Exercise instructions. Setting aside any pictures, reproduce the data exactly.
═══ Recorded information
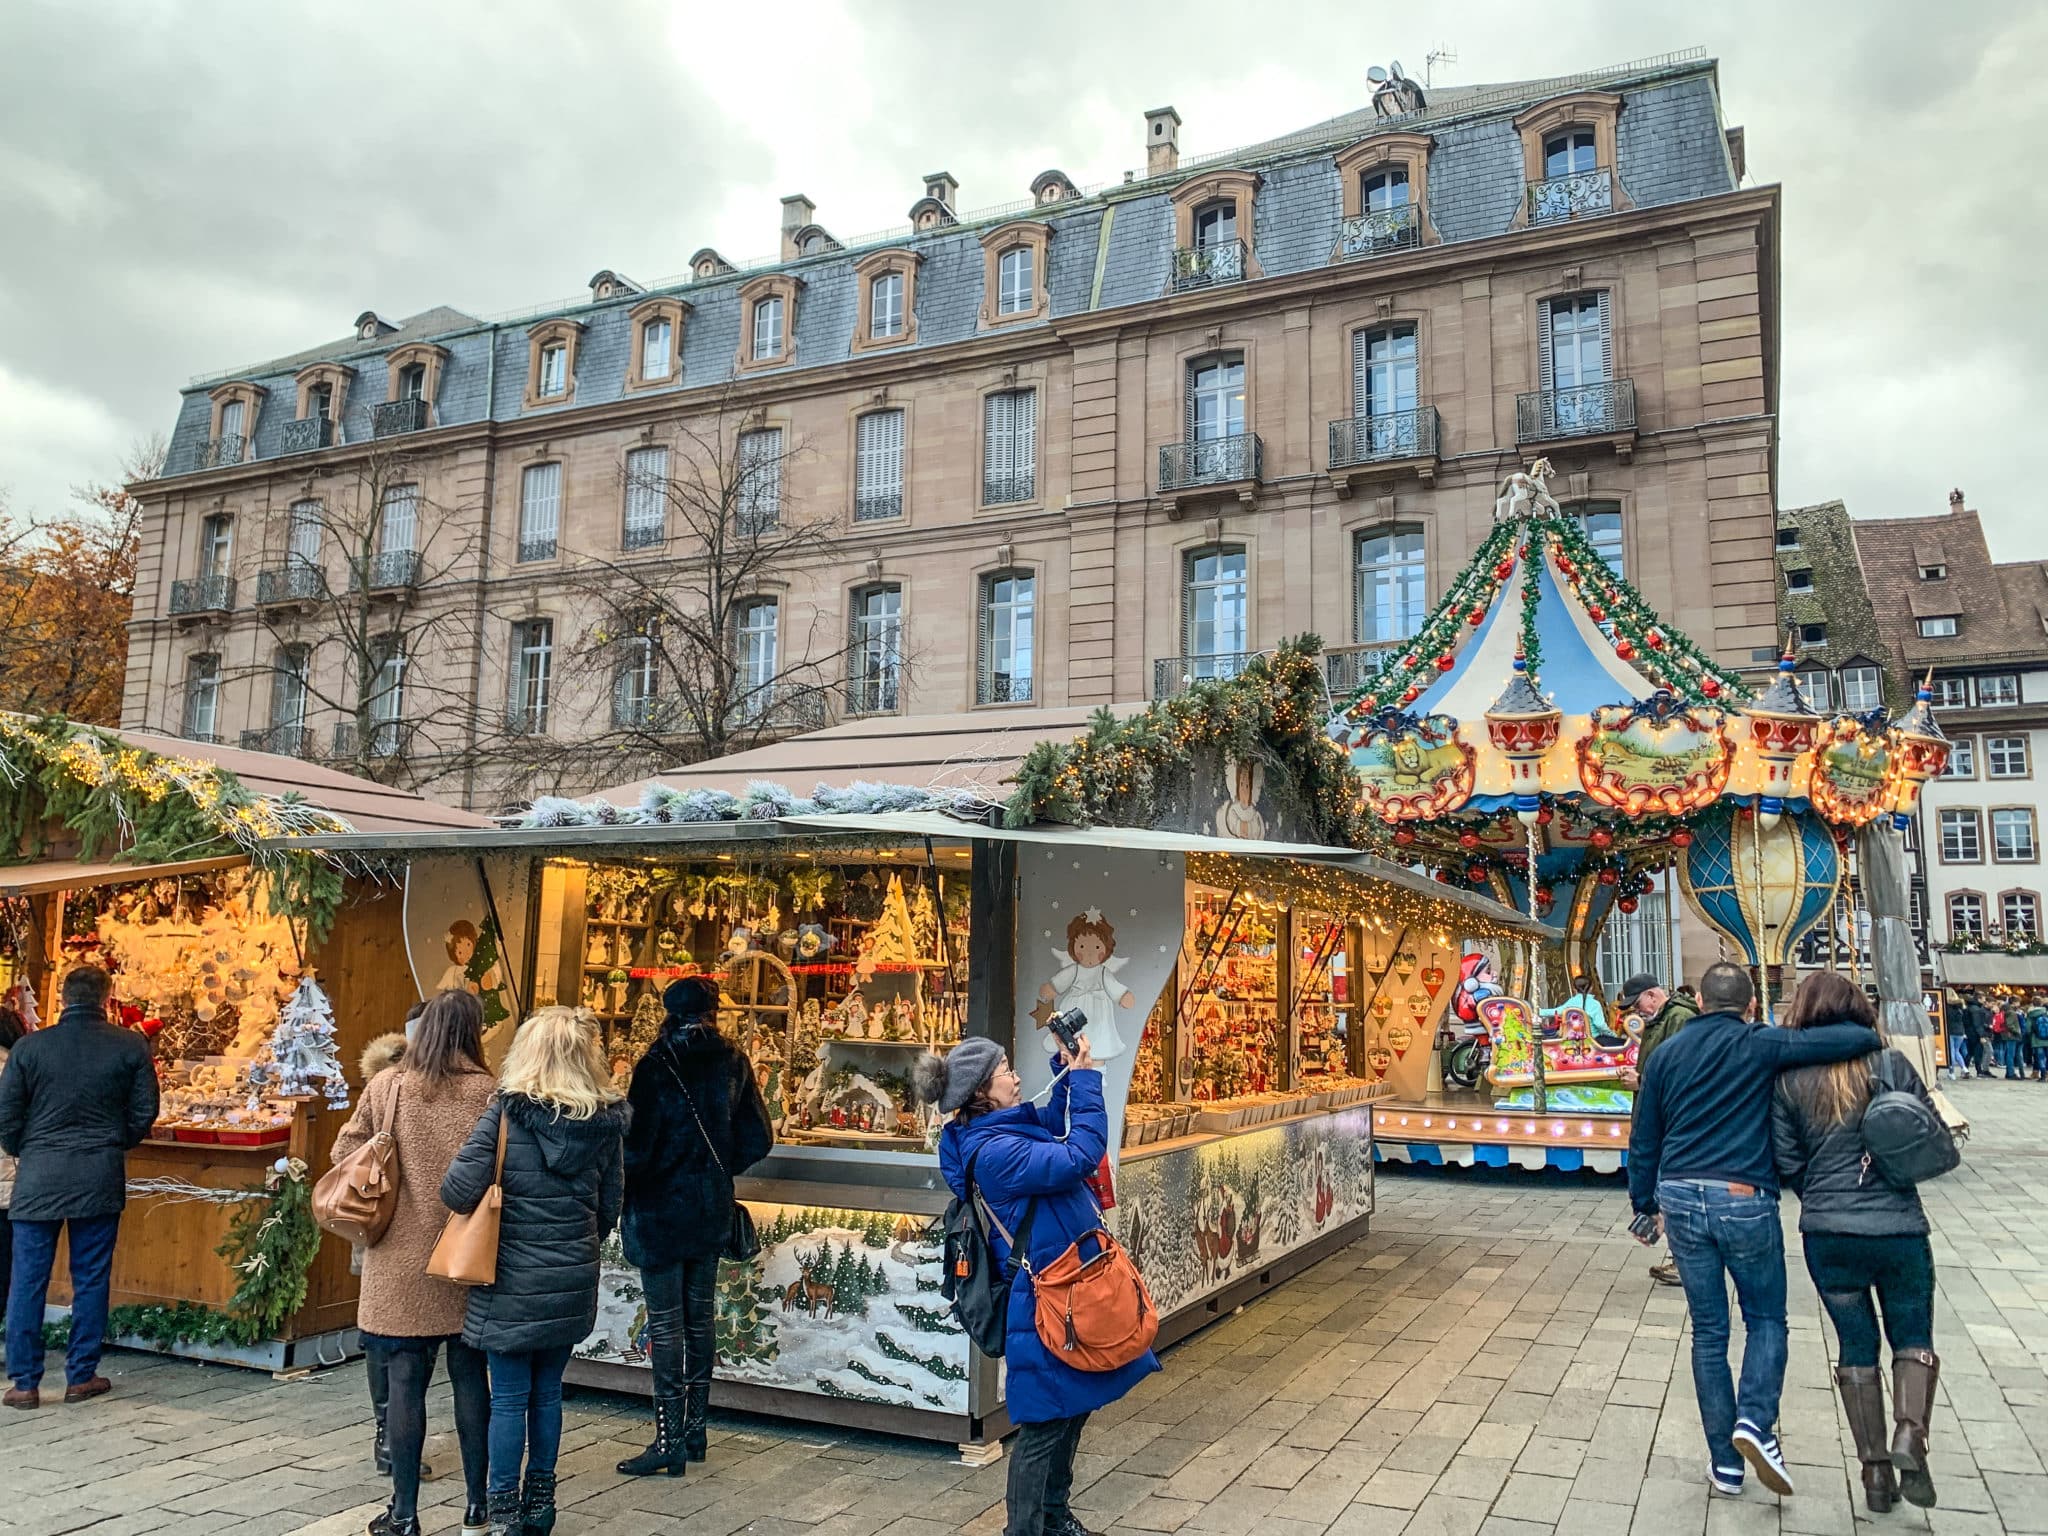 Christmas market stalls in a square in Strasbourg, France
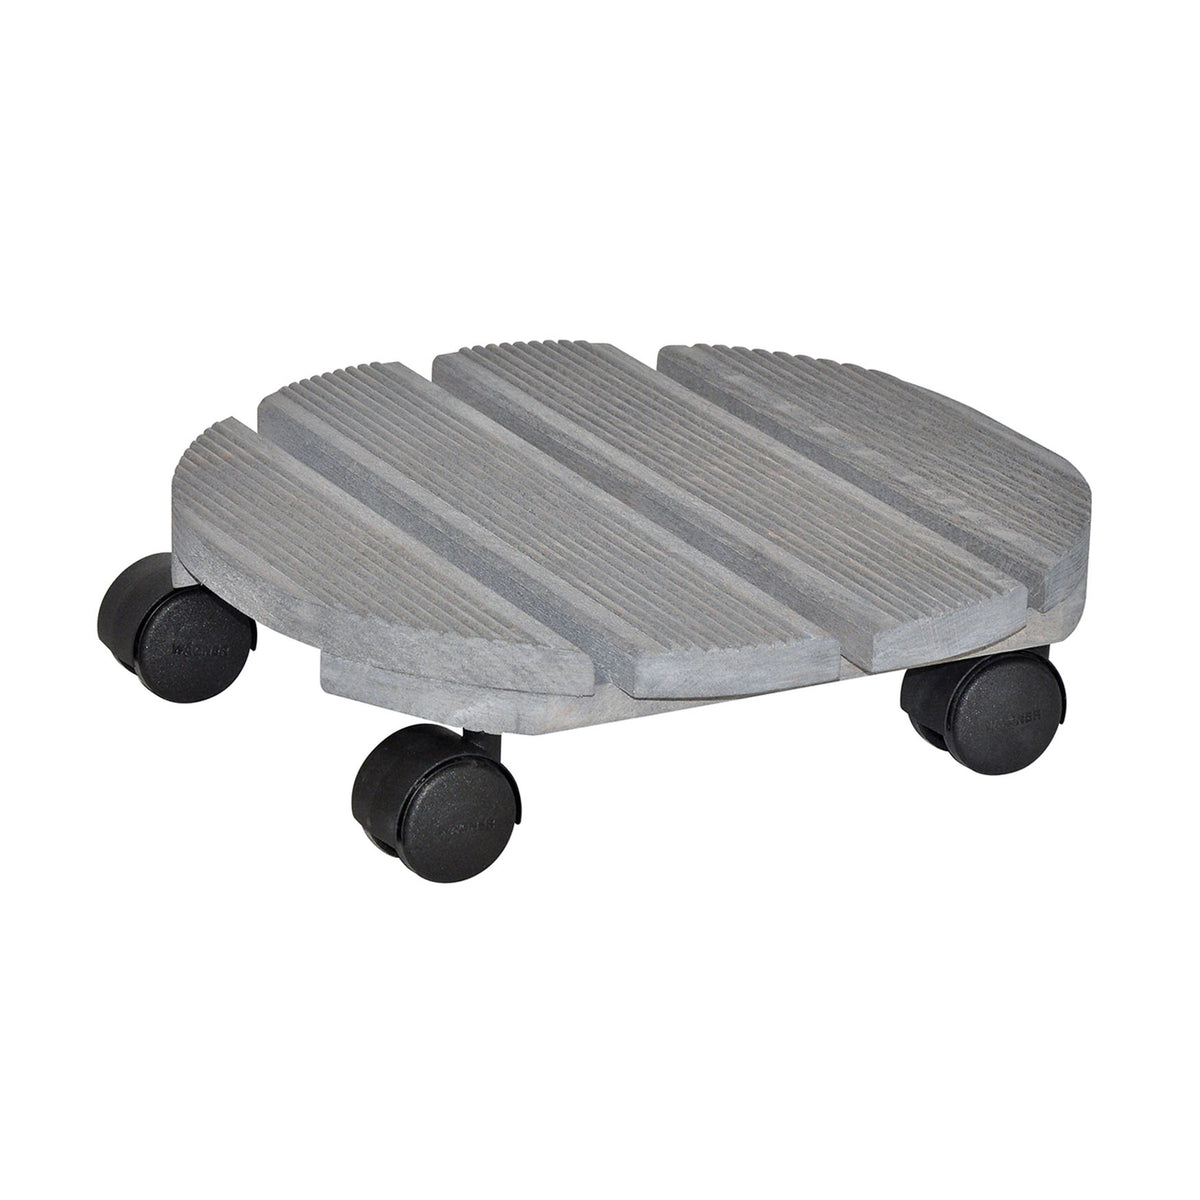 Gray round ribbed plant caddy. Made of beech wood. 220 lbs. capacity. 11.4&quot;D x 3.5&quot;H, 2.3 lbs.
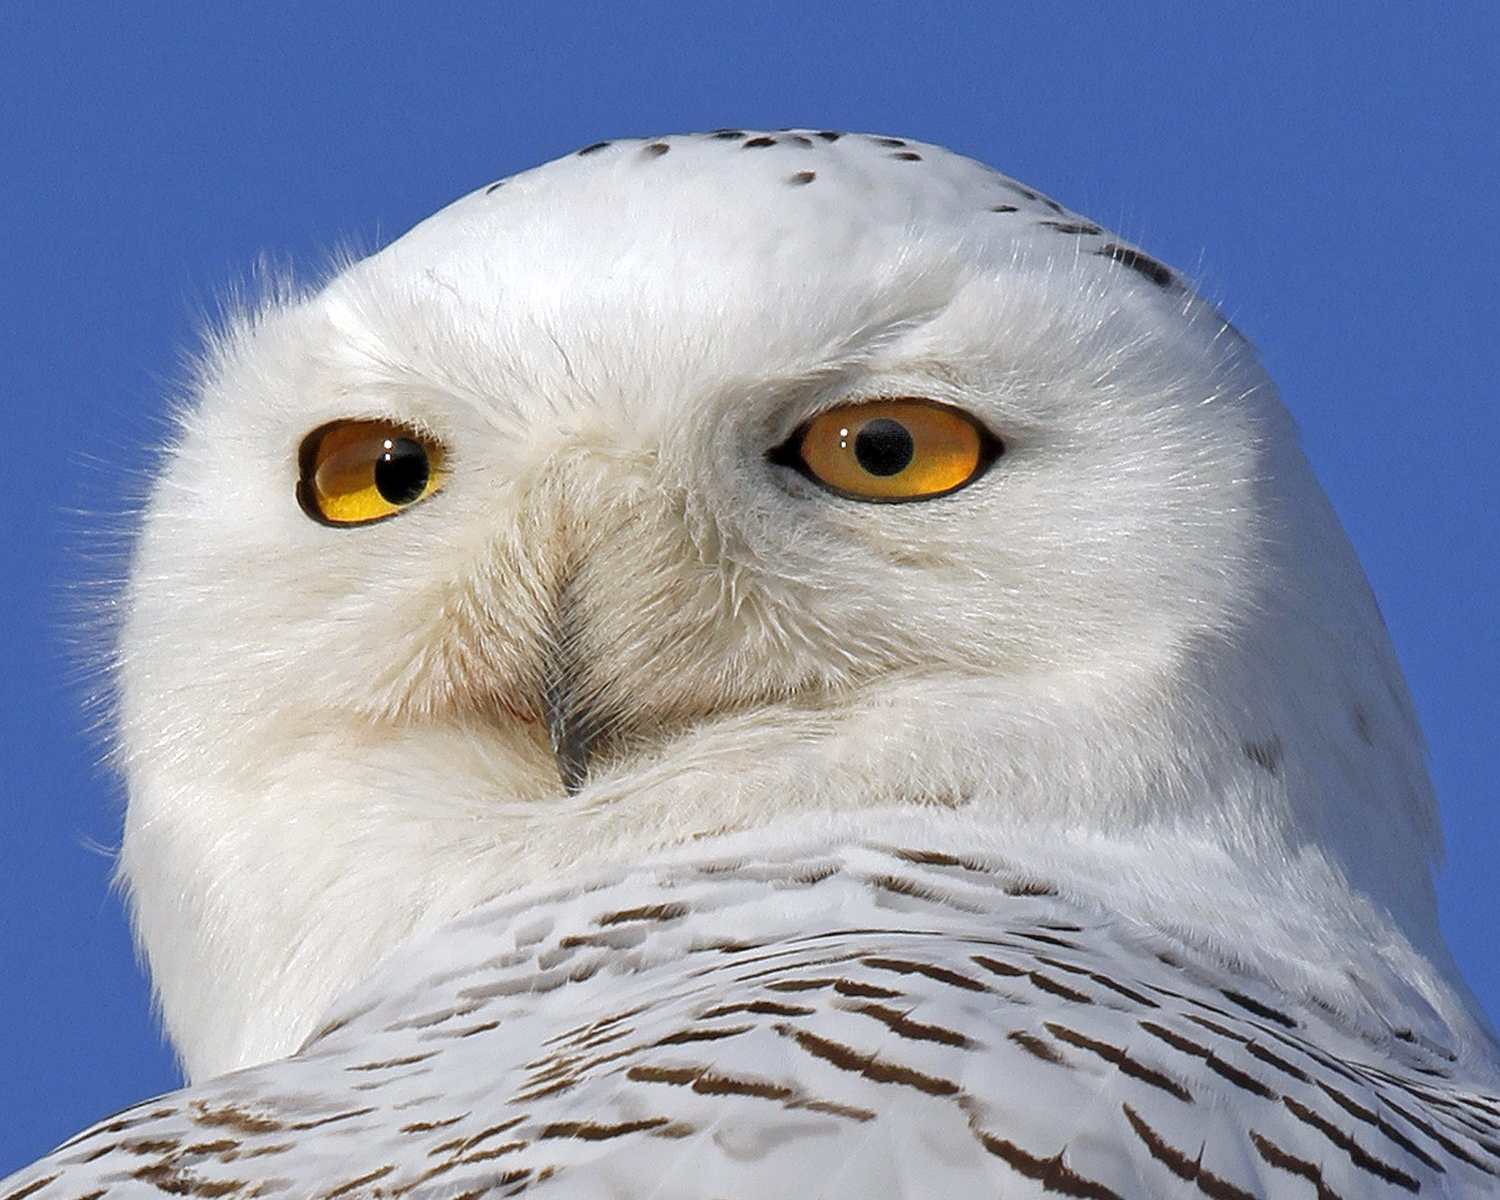 Snowy Owl Portrait (user submitted)
══════
Result of the task.
 Christmas market stalls in a square in Strasbourg, France
 Gray round ribbed plant caddy. Made of beech wood. 220 lbs. capacity. 11.4&quot;D x 3.5&quot;H, 2.3 lbs.
 Snowy Owl Portrait (user submitted)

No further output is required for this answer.